TG/HDL-C Ratio as a Superior Diagnostic Biomarker for Coronary Plaque Burden in First-Time Acute Coronary Syndrome

Round 1

Reviewer 1 Report

Comments and Suggestions for Authors

Notes to authors:

1. I congratulate the authors on this well-designed and well-written study, which will contribute to the existing literature on the subject. However, a few more adjustments are needed.
2. Atherosclerotic plaque formation is a process. Determining the sensitivity and specificity of this ratio during patient follow-up, rather than assessing it once, will be more effective for early diagnosis. This should be added to the study's limitations.
3. In lines 337–338 and in Figure 2, the phrase 'diagnostic protocols for ACS' is mentioned. This should be changed to 'ACS management protocols'.
4. The fact that genetic polymorphisms in lipid metabolism may affect the results and were not evaluated should be added to the limitations section.

Author Response

Dear Reviewer,

Thank you for your thoughtful and constructive feedback on our manuscript. We appreciate your recognition of the study’s design and contribution to the literature. We have carefully addressed all your suggestions and revised the manuscript accordingly. We highlighted the revisions in yellow within the text. Below, we detail our responses to each point:

Comment 1: Atherosclerotic plaque formation is a process. Determining the sensitivity and specificity of this ratio during patient follow-up, rather than assessing it once, will be more effective for early diagnosis. This should be added to the study's limitations.

Response:
We agree that the dynamic nature of atherosclerosis warrants longitudinal assessment of the TG/HDL-C ratio. We have added the following sentence to the Limitations section: "Additionally, the TG/HDL-C ratio was assessed at a single time point upon admission, without follow-up measurements. Given the dynamic nature of atherosclerotic plaque formation, evaluating the sensitivity and specificity of this ratio during patient follow-up could enhance its utility for early diagnosis."

Comment 2: "In lines 337–338 and in Figure 2, the phrase 'diagnostic protocols for ACS' is mentioned. This should be changed to 'ACS management protocols'."

Response:
We have updated the terminology as requested to reflect clinical management rather than diagnosis alone. Changes were made in two locations:

Text: Original: "We recommend the use of TG/HDL-C in the diagnostic protocols for ACS (Figure 2)."

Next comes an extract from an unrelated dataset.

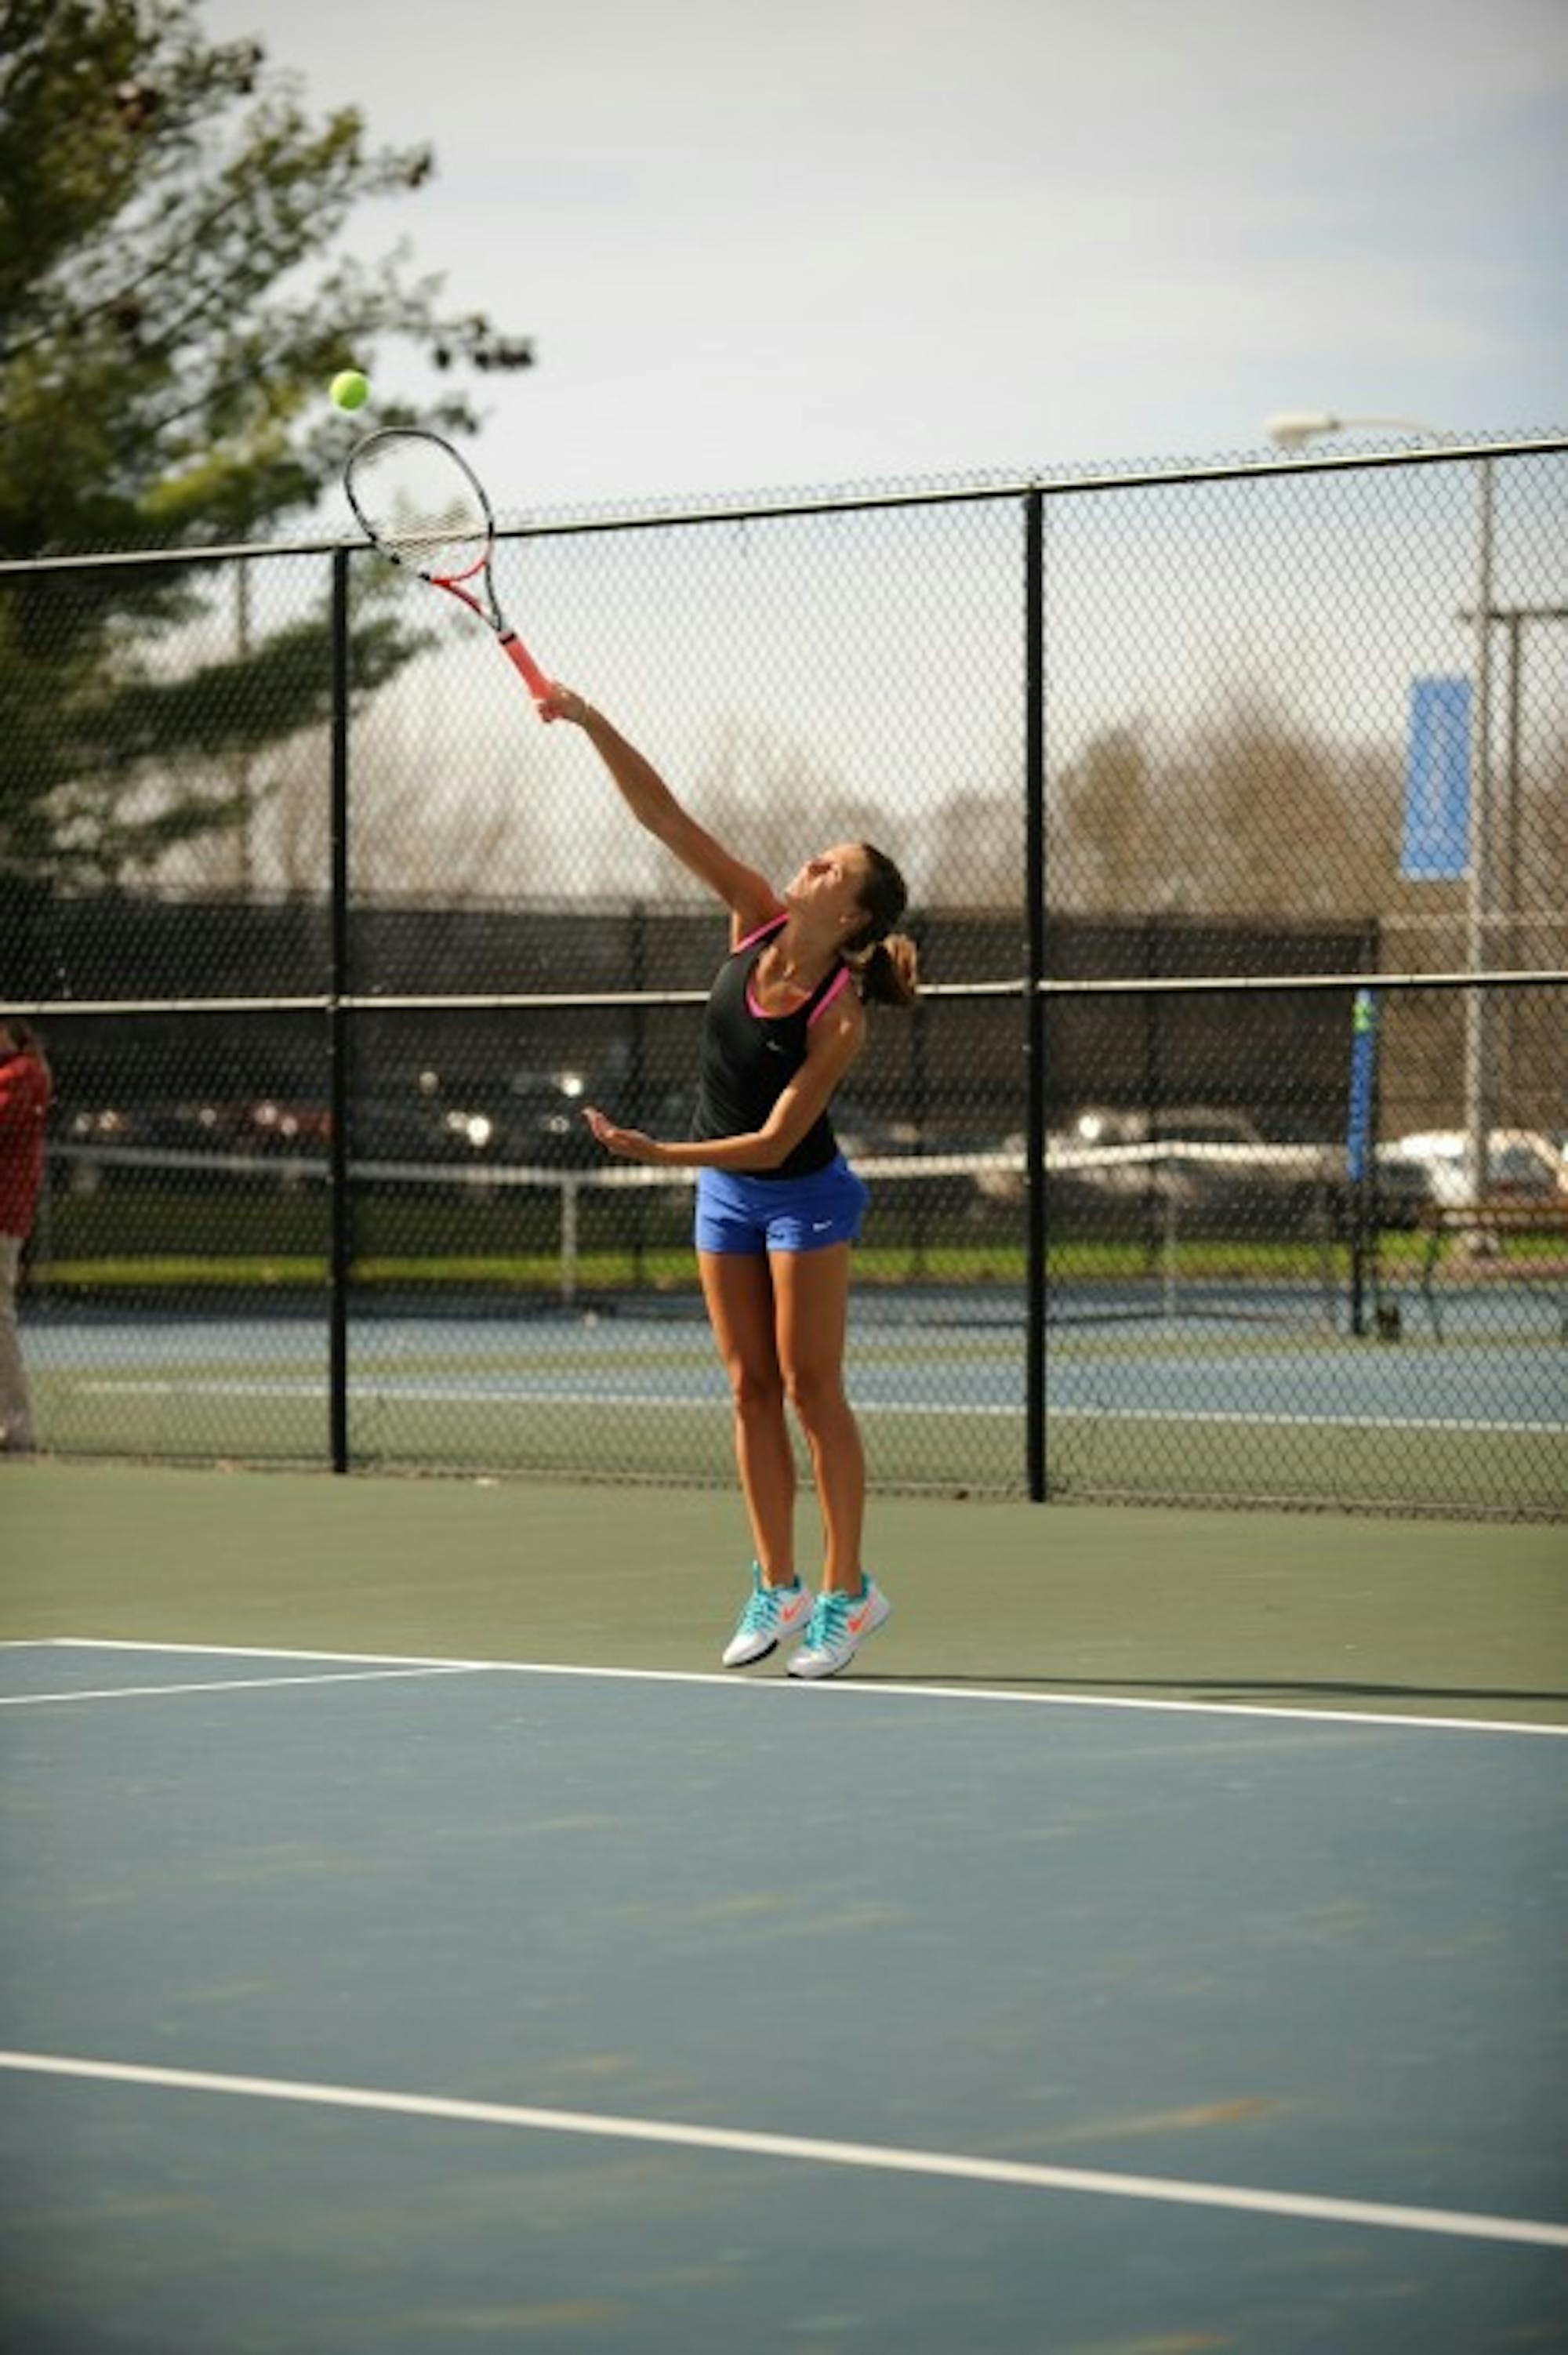 Belles senior Kayle Sexton starts a rally during Saint Mary’s 8-1 win over Adrian on April 14 at Saint Mary’s Tennis Courts.

Revised: "We recommend the use of TG/HDL-C in the ACS management protocols (Figure 3)."

Figure Caption (Figure 3, previously Figure 2): Original: "Diagnostic Pathway for ACS Using TG/HDL-C Ratio."

Revised: "Proposed Management Pathway for ACS Using TG/HDL-C Ratio."

 

(Note: Figure numbering was adjusted during revision; the relevant figure is now Figure 3.)

 

Comment 3: "The fact that genetic polymorphisms in lipid metabolism may affect the results and were not evaluated should be added to the limitations section."

Response:
We acknowledge that genetic variability in lipid metabolism could influence our findings. We have added the following to the Limitations section: "Moreover, genetic polymorphisms in lipid metabolism, which could influence the outcomes, were not assessed in this investigation."

Reviewer 2 Report

Comments and Suggestions for Authors

I have reviewed this article and have several questions and comments:

1. It is important to describe the selection of participants included in the analysis in more detail. How many were excluded from the overall population and based on what specific exclusion criteria (this could be presented graphically).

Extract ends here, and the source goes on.